The "population count" in a bit string should be the number of
bits set (1) in it. It is identical to the "accumulate" function
(The sum of all bits).
I have developed this code, but I am not really satisfied with
it, specifically
o portability
o compatibility with C89
I assume that an unsigned long is at least 32 bits wide.
Thanks in advance for suggestions/comments.
static unsigned bitcount(uintmax_t x)
{
if (64 == sizeof(x)*CHAR_BIT) {
x -= (x>>1) & 0x5555555555555555UL; // 0-2 in 2 bits
x = ((x>>2) & 0x3333333333333333UL) + (x & 0x3333333333333333UL); // 0-4 in 4 bits
x = ((x>>4) + x) & 0x0f0f0f0f0f0f0f0fUL; // 0-8 in 8 bits
x *= 0x0101010101010101UL;
return x>>56;
}
else { // Assume that 32 bit unsigned long exists.
x -= (x>>1) & 0x55555555UL; // 0-2 in 2 bits
x = ((x>>2) & 0x33333333UL) + (x & 0x33333333UL); // 0-4 in 4 bits
x = ((x>>4) + x) & 0x0f0f0f0fUL; // 0-8 in 8 bits
x *= 0x01010101UL;
return x>>24;
}
}
/* In C89 uintmax_t doesn't exist.
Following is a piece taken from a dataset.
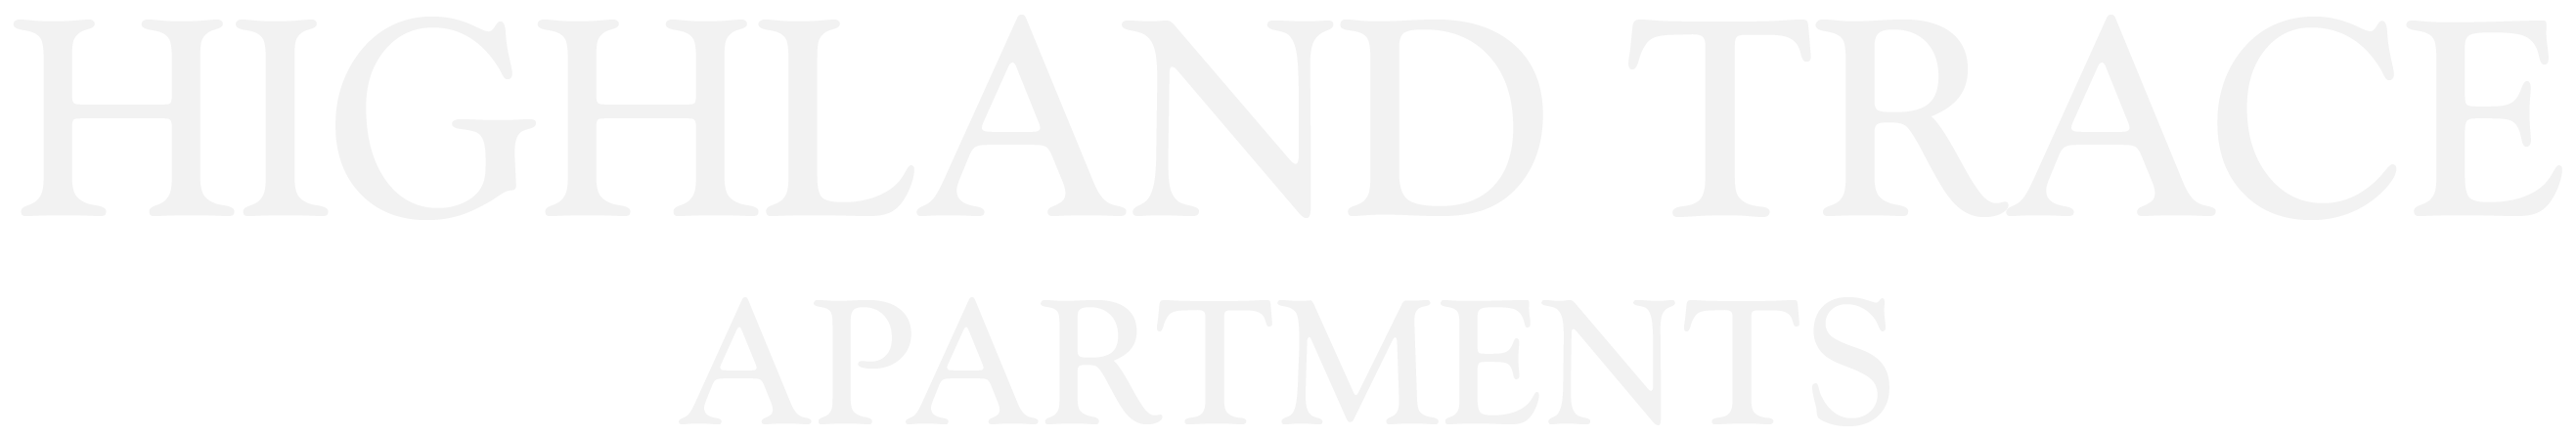 Highland Trace Apartments Logo

I use: */
#ifndef NO_C99
#include <stdint.h>
#else
typedef unsigned long uintmax_t;
#endif
static uintmax_t PopulationCount(BitString *b)
{
uintmax_t *pumax,x,result=0;
size_t iterations;
int count;
unsigned char *p;
if (b == NULL || b->count == 0)
return 0;
/* Treat 32 or 64 bits at once */
pumax = (uintmax_t *)b->contents;
/* Since b->contents is the result of a malloc operation,
it must be aligned correctly for all types, including
uintmax_t
*/
iterations = b->count/(sizeof(x)*CHAR_BIT);
/* Position the pointer p to get the last few bytes
that are left once the uintmax_t pointer finishes.
*/
p = b->contents+(iterations*sizeof(x));
while (iterations > 0) {
x = *pumax++;
if (x != 0)
result += bitcount(x);
iterations--;
}
count = (b->count%(sizeof(x)*CHAR_BIT));
if (count) {
x=0;
/* count is NOT unsigned! This supposes that an
integer can hold CHAR_BIT-1 characters.
*/
while (count > 0) {
x = (x << CHAR_BIT) | *p++;
count -= CHAR_BIT;
}
result += bitcount(x);
}
return result;
}
---------------------------------------------------------------------------------
I don't have much to say about the algorithm at the time, but I do
have some minor comments.
> I assume that an unsigned long is at least 32 bits wide.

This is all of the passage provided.